Sean Price Williams, cinematographer of Heaven Knows What, Listen Up Phillip, Queen of Earth, and Charles Poekel’s debut film, Christmas, Again, is certainly one of the best photographers working in contemporary cinema. He illustrates an acute capacity for layering his visuals, where his images possess a particular flinty and dense quality. Often shooting on 16mm film, his images are strikingly intimate and varied; from the sun-soaked yellows of Listen Up Phillip to the ornamental outdoor holiday lighting found in the depths of night in Christmas, Again, Williams’ craft becomes an irreplaceable and irreproducible component to every picture he works on. And it’s among the many vital aspects of Poekel’s film, one where Williams’ warmth produces an immediate connection to the lonely solitude of the picture’s characters.
Christmas, Again opens with the blurred image of Christmas lights strewn throughout New York City. We zero in on Noel (Kentucker Audley), a Christmas-tree salesman, working on a corner lot for his fifth year. Details amount and take on a crushing cumulative aspect, as the distinct sense that Noel – having been dumped by his girlfriend over the course of the year and contending with a hostile boss and disinterested colleagues – has absorbed a lions-share of physical and cerebral anxieties. With photos decorating the camper that he resides in for the season and with Poekel often capturing Audley in close-up, the immediate sensation is that Noel’s face is sitting a little less taut than it did four years ago.
Being Poekel’s feature debut, there’s a remarkable degree of narrative sophistication to Christmas, Again. Not a plot-driven film by any means, the way Poekel reveals detail has an assurance that’s rare in novice directors. He’s not underscoring or accenting narrative touch points, but buries them within his milieu, relying on his actors and technicians to uncover them. This makes for an incredibly naturalistic character portrait, whereby the “events” of the film are staged as fluid environmental responses rather than telegraphed set pieces. This approach is especially key in its central narrative thread, where Noel chases down a thief, only to come across a young woman named Lydia (Hannah Gross, from Nathan Silver’s Stinking Heaven) in the park. Passed out and with but a single shoe in the cold of night, he takes her back to his camper.
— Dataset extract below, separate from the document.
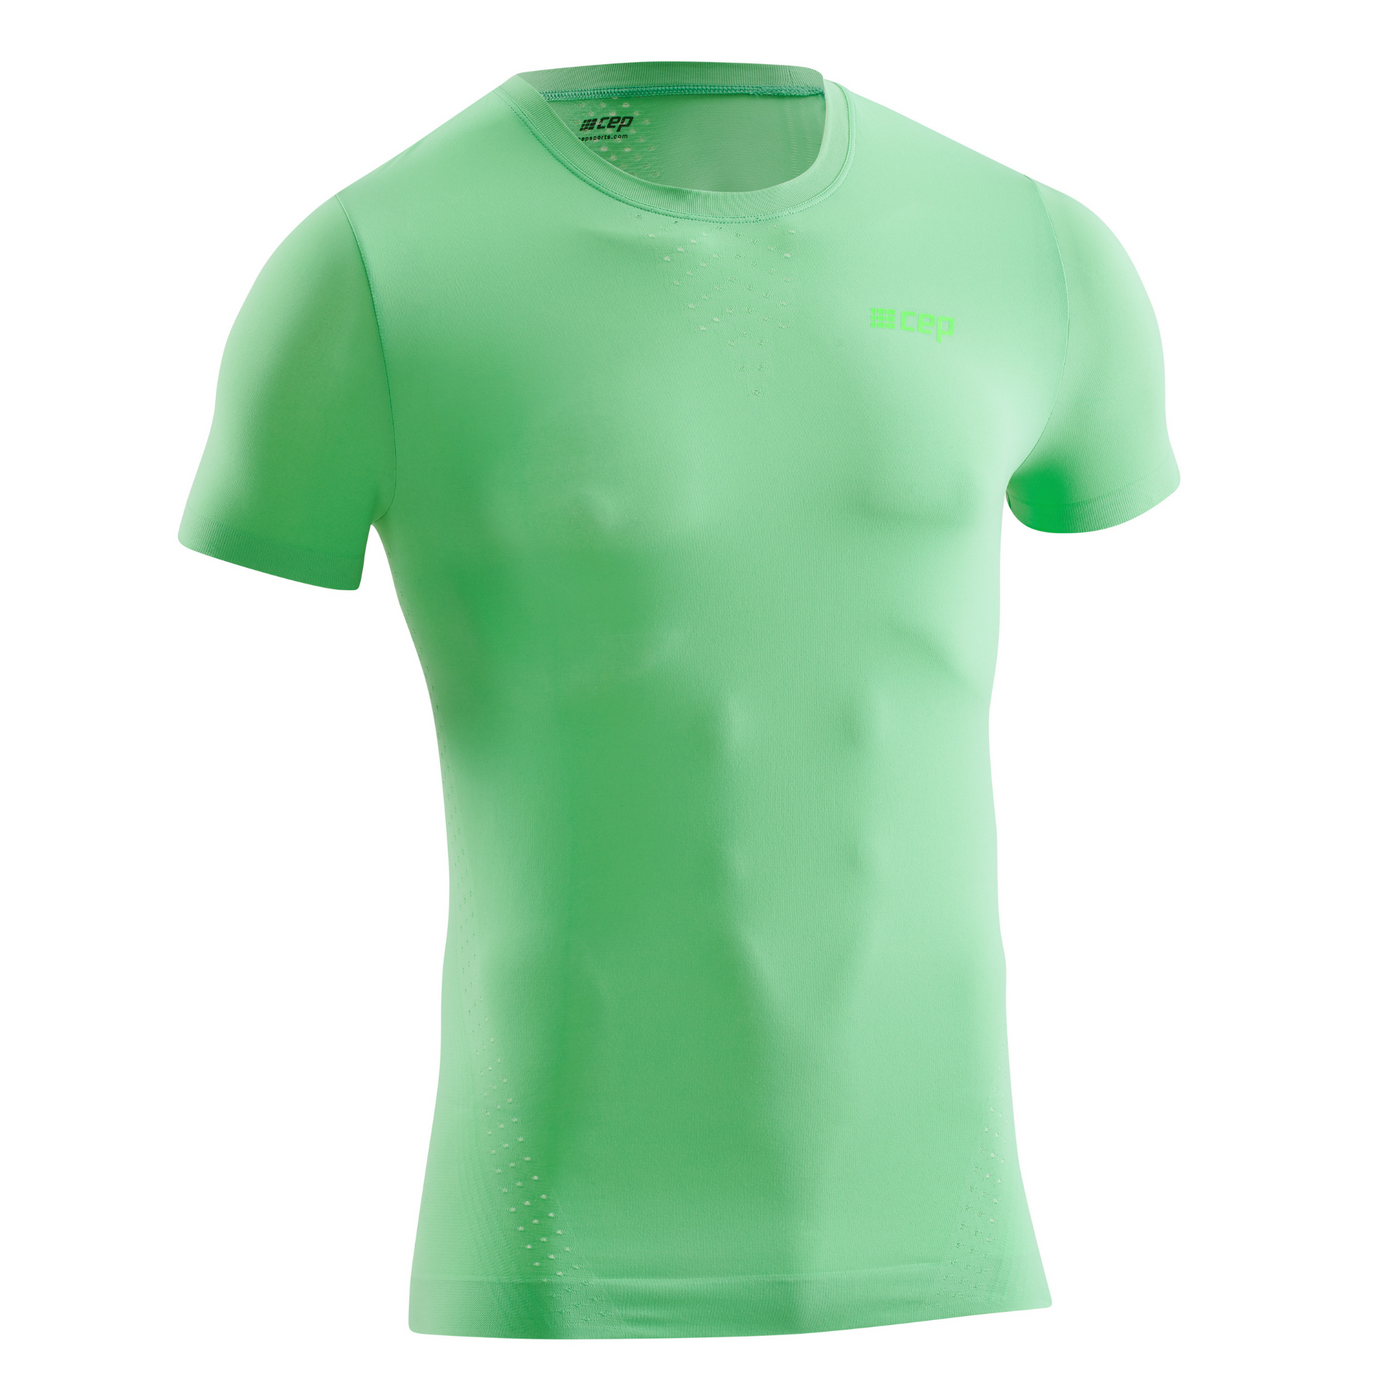 Ultralight Short Sleeve Shirt, Men, Green. Front View

She slinks out in the periphery of the frame the following morning as Noel is with a customer, unaware of her retreat. Her disappearance isn’t discussed and simply becomes part of the tapestry of the picture, an un-engineered anomaly in Noel’s routine. That is until Lydia reemerges, again and again, hovering over Noel’s life like an apparition.
The film pivots and moves on the small gestures that amass, with Kentucker Audley’s performance standing out as among the very best of the year. There’s a reticence to his actions, a sulking, inward quality that pulls you in. A highlight sees him delivering a Christmas tree to a wealthy family’s home, a pregnant wife at the door with her crutch-addled husband by her side. Audley positions the tree, lying supine as he screws the tree to its base. He glances at the woman and her husband, their affections getting the best of them. Upon completing the task, Audley stands up, slumped over and in the shadows as he awaits a tip, before storming out. He’s seen next in tears. The sequence illustrates how tightly all the moving components of the picture work together: camera placement suggests something socially hierarchical, lightening and editing to contrast the socially alienated with the socially attuned, and performance to heighten that distinction.
It’s been a rich year for directorial debuts, with such American standouts being Marielle Heller’s The Diary of a Teenage Girl, Josh Mond’s James White, and John Magary’s The Mend. But Christmas Again may very well be the best of the crop. Its steady accumulation of tiny details, emotionally complex characters, and mature understanding of relationships all make for a complicated and refreshing revision of what it means to tell a Christmas story.